# Custom LMS4000



## funky_waves (Jul 3, 2007)

Here is a custom TC Sounds 10" LMS4000 subwoofer we built a while ago, we are selling it on clearance as the customer has upgraded.
The enclosure is 35Lnet, and made from solid 6061-T6 7/8" Thick Aluminum plate. Bolted together, and clear lacquered. It weighs in at 130lbs


----------



## Sonnie (Apr 11, 2006)

Any response graphs?


----------



## funky_waves (Jul 3, 2007)

Here is a a graph, green line, at listening position(11"away) before any eq, 1/3 octave smoothing, lowpass at 70hz, highpass at 10hz. In a 950 square foot room with 8-11 foot ceilings. And a nearfield graph, blue line, same settings.


----------



## ACGREEN (Feb 23, 2007)

Do you see any advantages/disadvantages to building a sub with a metal enclosure as opposed to wood?


----------



## funky_waves (Jul 3, 2007)

The advantages are, very very solid, strong and heavy, at full power you cannot feel any vibrations in the walls. Its weight also keeps it from moving around the room.

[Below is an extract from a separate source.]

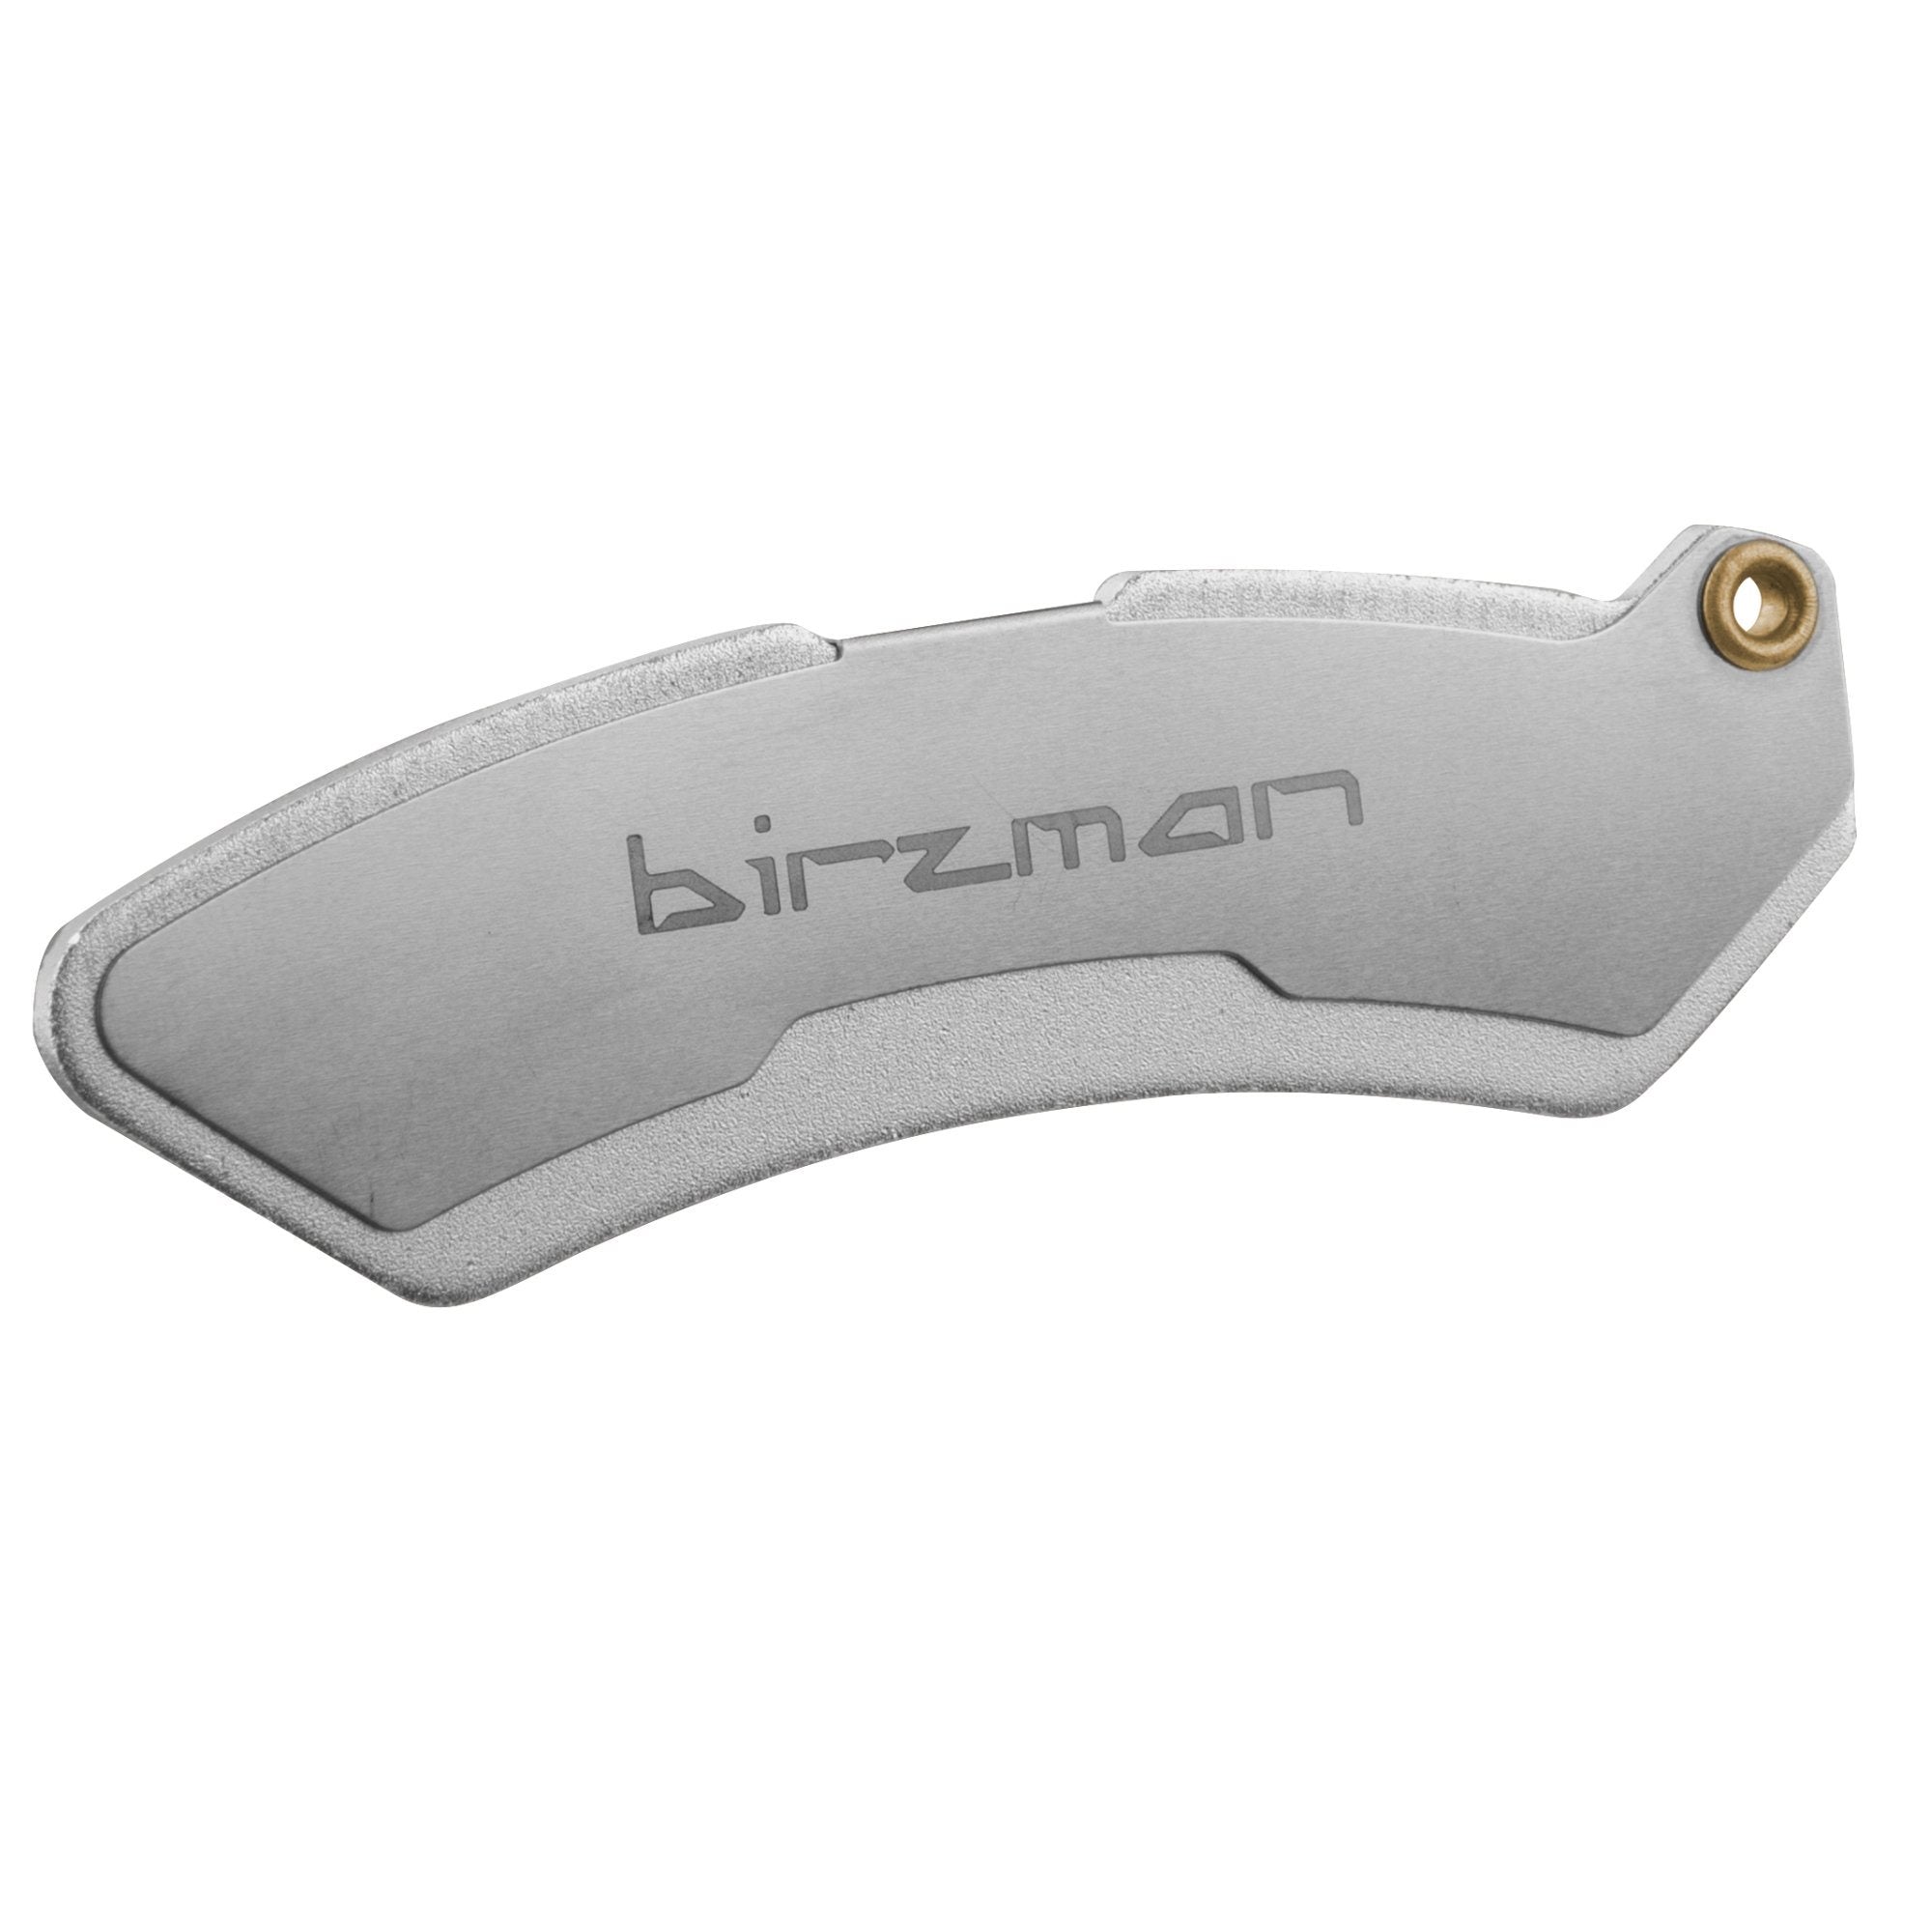 Birzman Razor Clam Bike Disc Brake Tool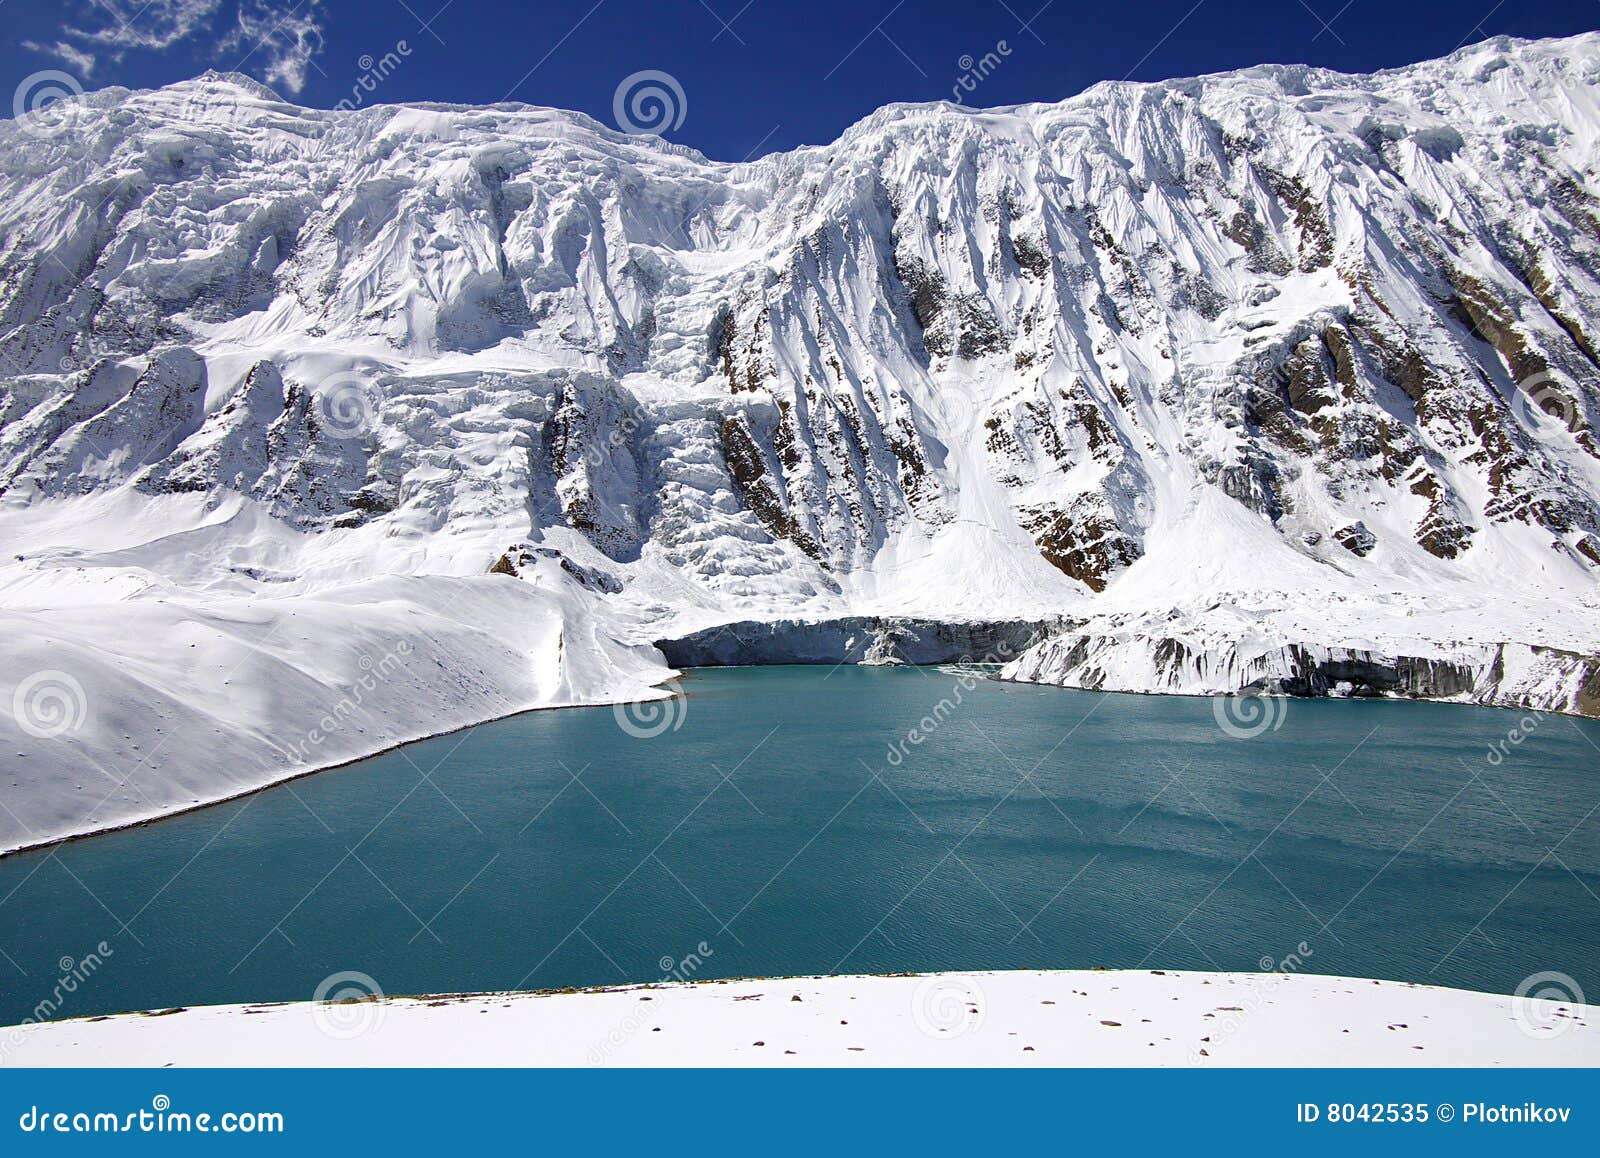 high-mountainous lake tilicho

And it looks really nice, but we can also do laminated thin aluminum over MDF, for the look without the weight.
The disadvantages are weight again, its hard to move and expensive to ship. Cost to build is higher than average but not any more than the FW10.3 in high gloss for example. For that size enclosure, much bigger and materials cost and weight rises fast.


----------



## funky_waves (Jul 3, 2007)

Here are a couple graphs without any eq, highpass or lowpass. At LP and Nearfield


----------



## BrianAbington (Mar 19, 2008)

wow...that is cool.


----------



## enixon (Dec 25, 2008)

Nathan,
did you ever sell this?
What is/was the going price?
Thanks in advance.
Cheers - EN


----------



## funky_waves (Jul 3, 2007)

Regular price for it would be around $2000, I still have it and would sell for $1200


----------